| About this exercise |
Nothing outside the range is wanted. Repeat exactly the lines below from the one with "Bubbles & Cuddles Baby Shower Invitations" through the one with "Remonte black floral-embroidered".

| Data for this exercise |
=== Section Start ===
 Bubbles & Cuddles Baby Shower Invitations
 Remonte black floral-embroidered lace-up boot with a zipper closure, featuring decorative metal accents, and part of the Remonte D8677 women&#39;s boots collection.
=== Section End ===
=== Section Start ===
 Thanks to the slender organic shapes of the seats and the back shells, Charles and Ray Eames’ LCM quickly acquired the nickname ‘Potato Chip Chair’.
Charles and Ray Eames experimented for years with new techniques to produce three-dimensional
=== Section End ===
| Exercise result |
 Bubbles & Cuddles Baby Shower Invitations
 Remonte black floral-embroidered lace-up boot with a zipper closure, featuring decorative metal accents, and part of the Remonte D8677 women&#39;s boots collection.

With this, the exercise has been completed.